The components of the virtuous cycle model affect one another for better or worse. When the performance of one component improves, the performance of other components is made more likely to improve in a virtuous cycle of positive feedback. Conversely, if the performance of one component worsens, this can negatively impact the performance of other components through a vicious cycle of negative feedback. In an optimized organization, all components function at full capacity, and the virtuous cycle runs smoothly to improve energy performance, generating maximum financial and environmental returns.
1. Executive Engagement. Top-level executives recognize energy efficiency as a key strategic priority for generating cost savings and building long-term value. They shift from seeing energy as an inevitable and growing cost, and instead see its optimization as a source of continuous leverage for building an efficient and resilient organization capable of meeting its broader mission and goals.

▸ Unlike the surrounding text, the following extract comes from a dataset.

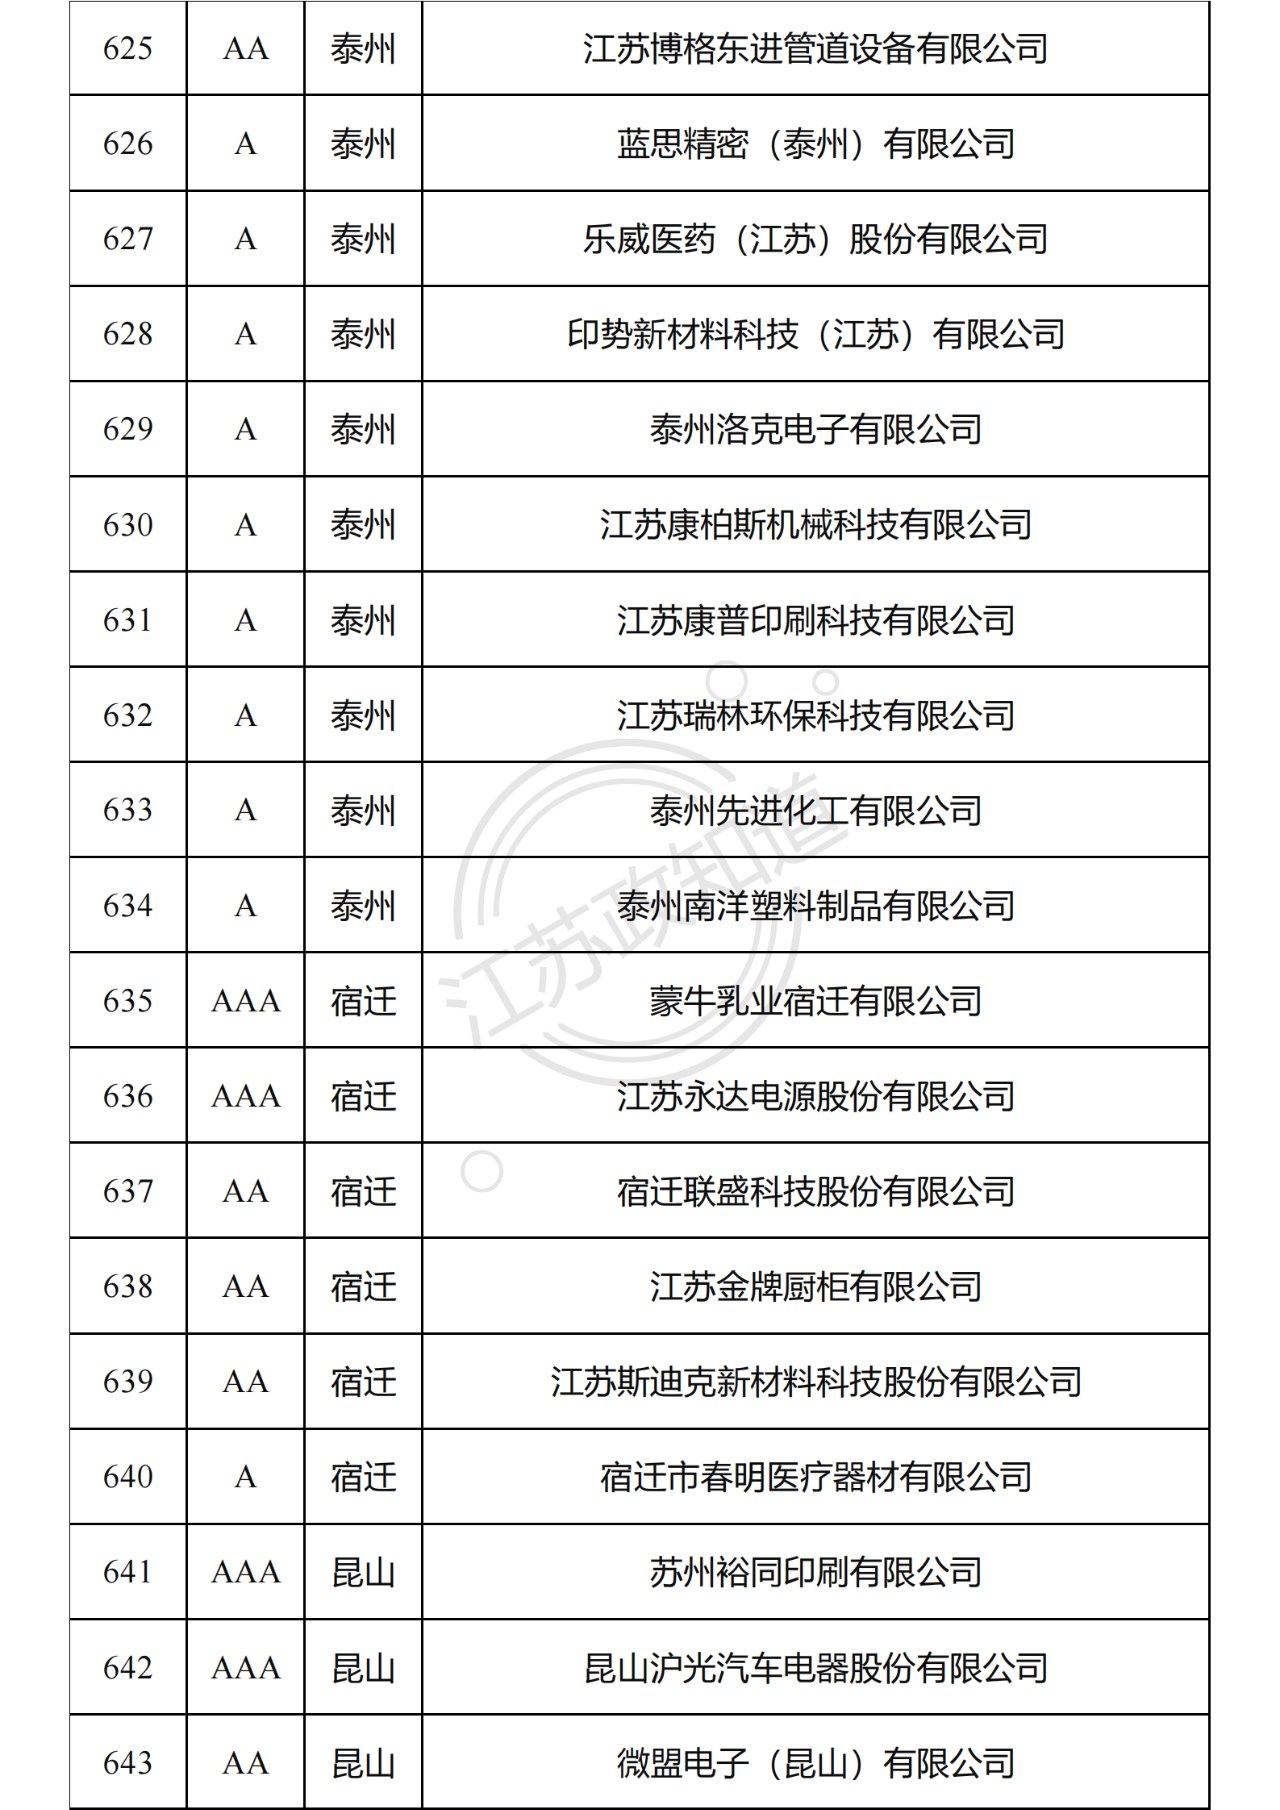 2022年度江苏省两化融合管理体系贯标试点企业培育对象拟认定名单35.png

2. Resource Investment. To empower an organization to capture energy savings, executives make strategic, capacity-building investments to free up the necessary human and financial resources to make concrete action possible. Energy efficiency projects will pay for themselves, but they need dedicated seed capital to get started and attentive managers to ensure those seed funds grow and are reinvested on an ongoing basis.
3. People. Resources are deployed to build staff capabilities and equip them to go after efficiency opportunities. Providing training opportunities, organizing cross-functional teams, and establishing full-time positions all help to build employee knowledge, foster enthusiasm, and create accountability for improvement. A workforce that feels ownership and responsibility for its energy use at all levels and is actively encouraged by leadership to work toward a shared vision of efficiency will maintain the momentum needed to make real progress.
4. Opportunity Identification, Implementation, and Measurement & Verification. To aid the organization's staff, effective processes and tools should be developed and refined over time to make sure increasingly ambitious projects are identified and implemented. Comprehensive and detailed energy data collection is vital to identifying sources of inefficiency and measuring the energy savings achieved through specific interventions — generating the verified financial and environment results that prove the benefits of taking action in the first place.
5. Stories and Sharing. To maintain momentum beyond a first round of projects, successful results are leveraged into stories that are shared directly back with top-level executives, validating their prioritization of energy efficiency as a key strategy and proving the business case for doing additional energy projects. By re-engaging the executives continuously, success stories keep energy performance at the top of the agenda and encourage the investment of additional human and financial resources to go after even bigger wins, keeping the virtuous cycle spinning for yet another round.